So.. which tests are important and why? That is most likely going to be an individual choice based on the individuals priorities.

RE: In home living and raising for parents and puppies-- again.. how much is too much? Wasn't there just an article discussing Hip Dysplasia posted to this forum which mentions the importance of exercise for puppies? Yet time and time again, I see these warm fuzzy darling photos of pups behind puppy gates in kitchens, living rooms.. etc.. on these hard slick surfaces. How many breeder's live in homes with postage stamp size yards.. do those pups REALLY have what they need for proper hip and bone development? While the ultimate for proper socialization, in home MAY not be the ideal when it comes to hips.

I'm using some extreme examples merely because I want to make the point that charts which are so cut and dried.. are great for the person who made them. They reflect that person's needs, desires and beliefs. However, for the rest of us, when looking for a pup, we need to consider what our individual "bottom line" criteria is. Often breeder's fall across a wide spectrum, not a good/bad, responsible/irresponsible.

I'm betting that if everyone else takes a look at the chart and thinks about the possible implications of some the things mentioned that.. well.. there might be a few people scratching their heads and saying "REALLY?!?"

Any one else have thoughts regarding this chart?

Darla



petitpie said:


> There must be several "bottom-line" criteria for a responsible breeder that should be followed?
> 
> 
> Health testing for sire and dam
> ...


----------



## petitpie (Nov 16, 2011)

Distance from the breeder could also be a problem in interacting personally with the breeder and the dogs. I would like to begin looking close-by but that may not be possible.


----------



## Countryboy (May 16, 2011)

I wonder if it's restrictive to use phrases like 'bottom line' or 'must haves'. I like Yadda's use of 'spectrum'. 

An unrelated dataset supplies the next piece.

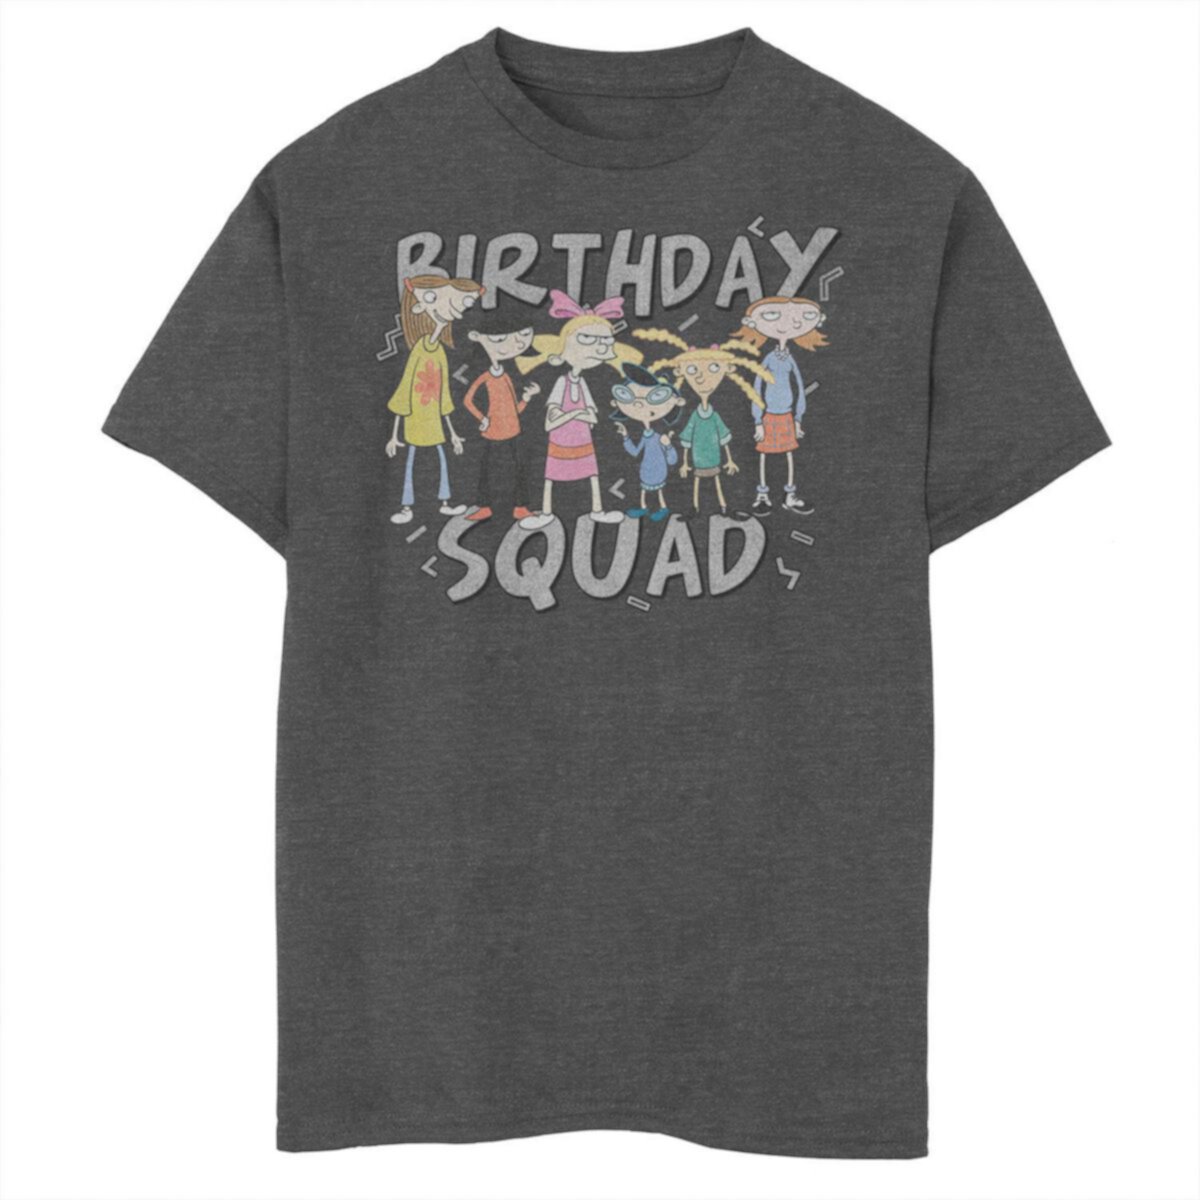 Футболка для мальчиков 8-20 Nickelodeon Hey Arnold Birthday Squad Group Shot с графическим рисунком Nickelodeon

Maybe it's that I've been around long enuf that the black container of printer ink in my head has seeped into my corrector fluid just enuf so that I see most things in shades of gray.  

An old boss of mine used to say... 

"As u go thru life yr gonna meet a lot of people. The only thing that's sure is that 5% of them are gonna love u, 5% are gonna hate u, and the other 90% are gonna fall somewhere in between."

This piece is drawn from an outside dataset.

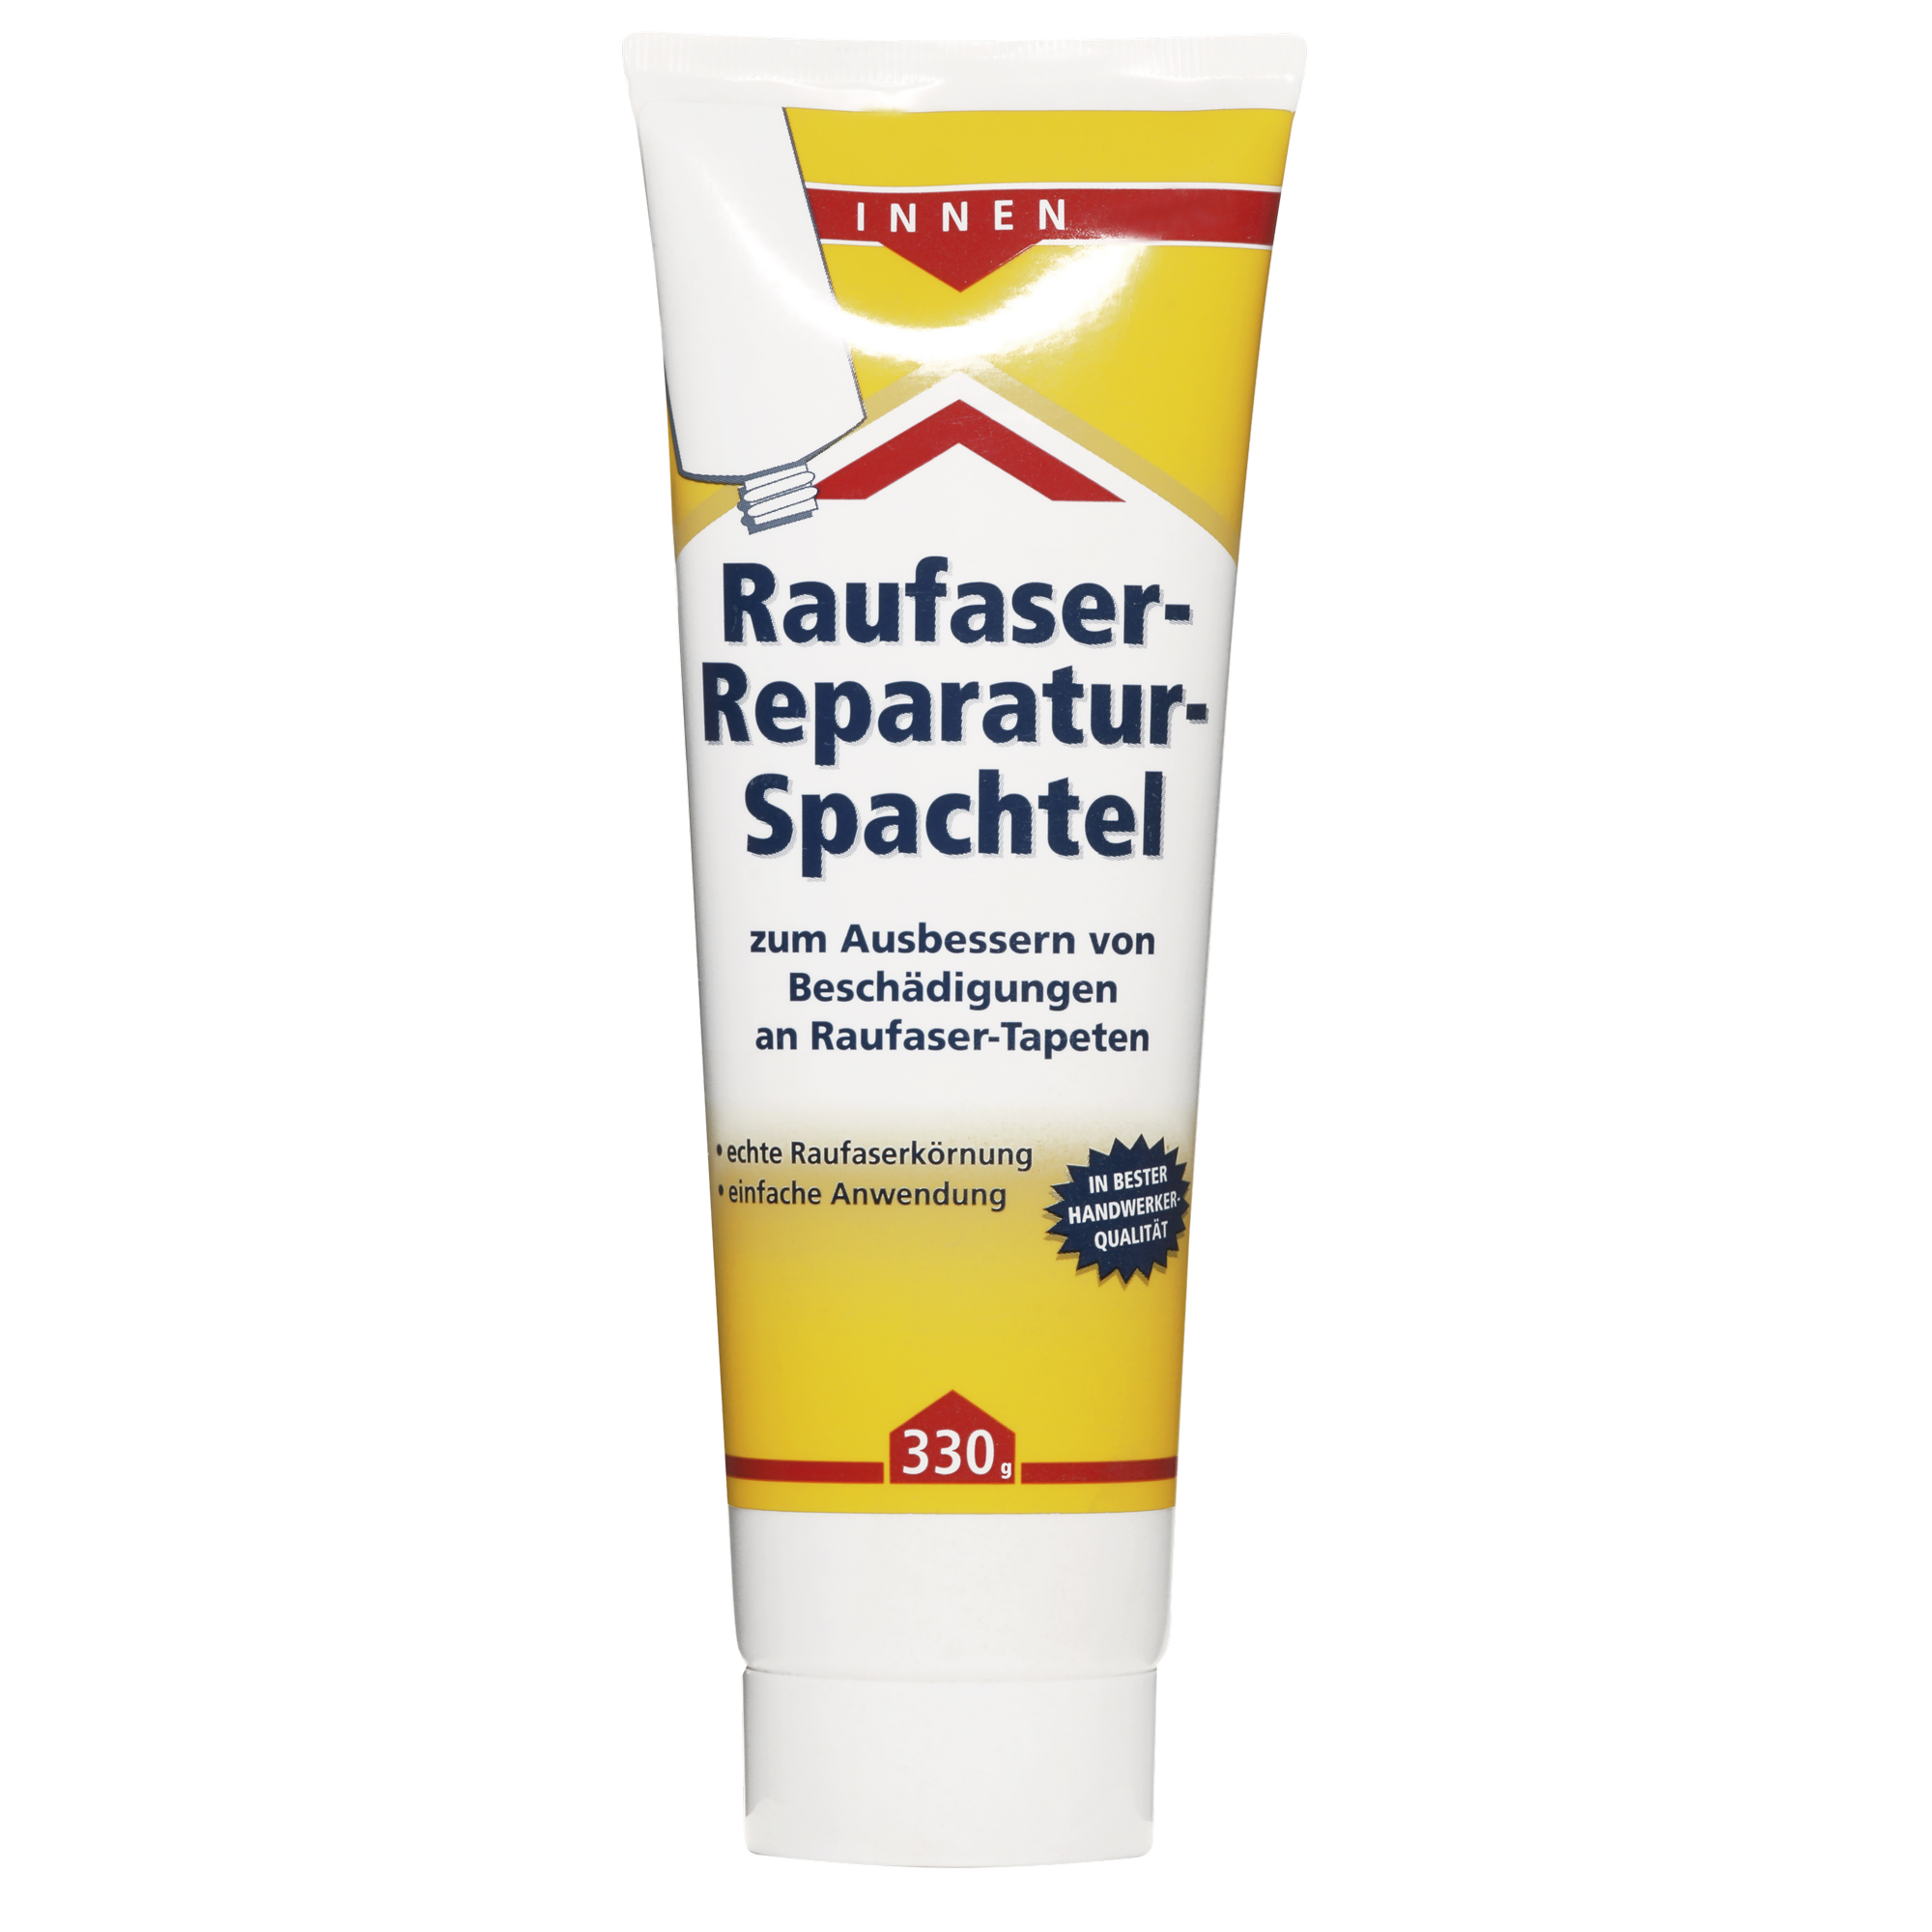 Raufaser-Reparatur-Spachtel weiß 330 g + product picture

IMO, that applies to the good vs bad of breeders, too. 

Moi??? Would not care if the breeder didn't show. My only requirement, if I was taking a dog, was that it came with papers. I didn't want a Doodle. And was planning on keeping it in a hunting/sporting clip anyway. So conformation didn't matter to me.


----------



## Quossum (Mar 18, 2011)

I think that particular guide is a pretty good one (though the puppy price entry needs to be updated), but it is just that, a general guide, particularly aimed at "Joe Q. Public" who really might not know the difference between a "good" breeder and a "bad" one.

I don't think any one of those criteria tosses a breeder to the "dark side," and I think there are probably very few breeders who meet every one of the criteria on the "light side." 

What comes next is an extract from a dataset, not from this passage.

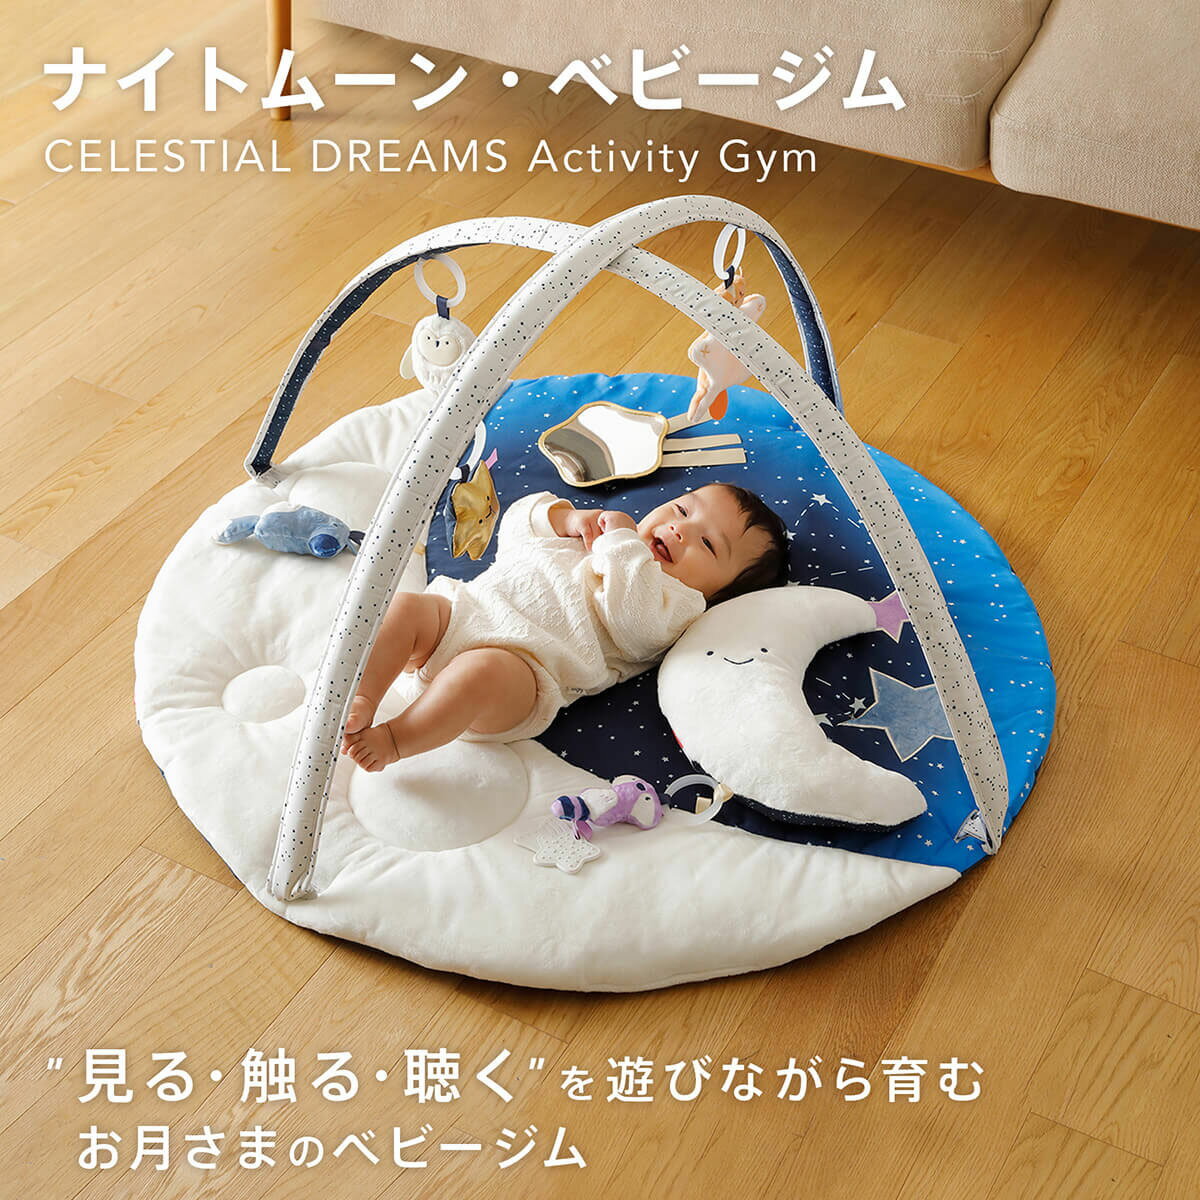 日本育児 Nihon ikuji ひつじのショーン アクティビティプレイジム 706523 新生児から 遊ぶ ベビー 赤ちゃん プレゼント 出産祝い

It's kind of like when someone asks about a breeder based on their website, and the experienced ones among us mention a couple of "red flags"--"It seems they also produce doodles," or "There's no mention of health testing there." Even those red flags don't (necessarily) toss that breeder to the dark side. Maybe the potential buyer has no problem with doodles. Maybe the breeder health tests but doesn't list that on their site. 

For many of the criteria listed, there could be perfectly valid reasons why that breeder doesn't do that thing, but at least a chart like this one gives the puppy buyer some guidelines and perhaps even some questions to ask the breeder. "I notice you don't show your dogs; is there are reason for that?" "Yes, unfortunately I have some health issues, and there aren't many shows around here. But I've kept well-versed with the breed, and am actively looking to improve my line, and let me explain how..." Goodness knows we have seen over and over on this board situations where a potential puppy owner didn't ask *enough* questions about the breeder of their potential new pup, and ended up in a bad situation.

I do think there is a spectrum, and it's all up to the individual how many "red flags" you're willing to accept, and which ones WILL throw that breeder to your personal Dark Side. For example, I was looking at a breeder who charged more for multi-colored pups. Not exactly a well-loved practice here. However, she also health-tested her breeding dogs, showed them, and met pretty much all of my other criteria. I could overlook one practice I didn't agree with. As yadda says, even health-testing isn't necessarily a cut-and-dried issue.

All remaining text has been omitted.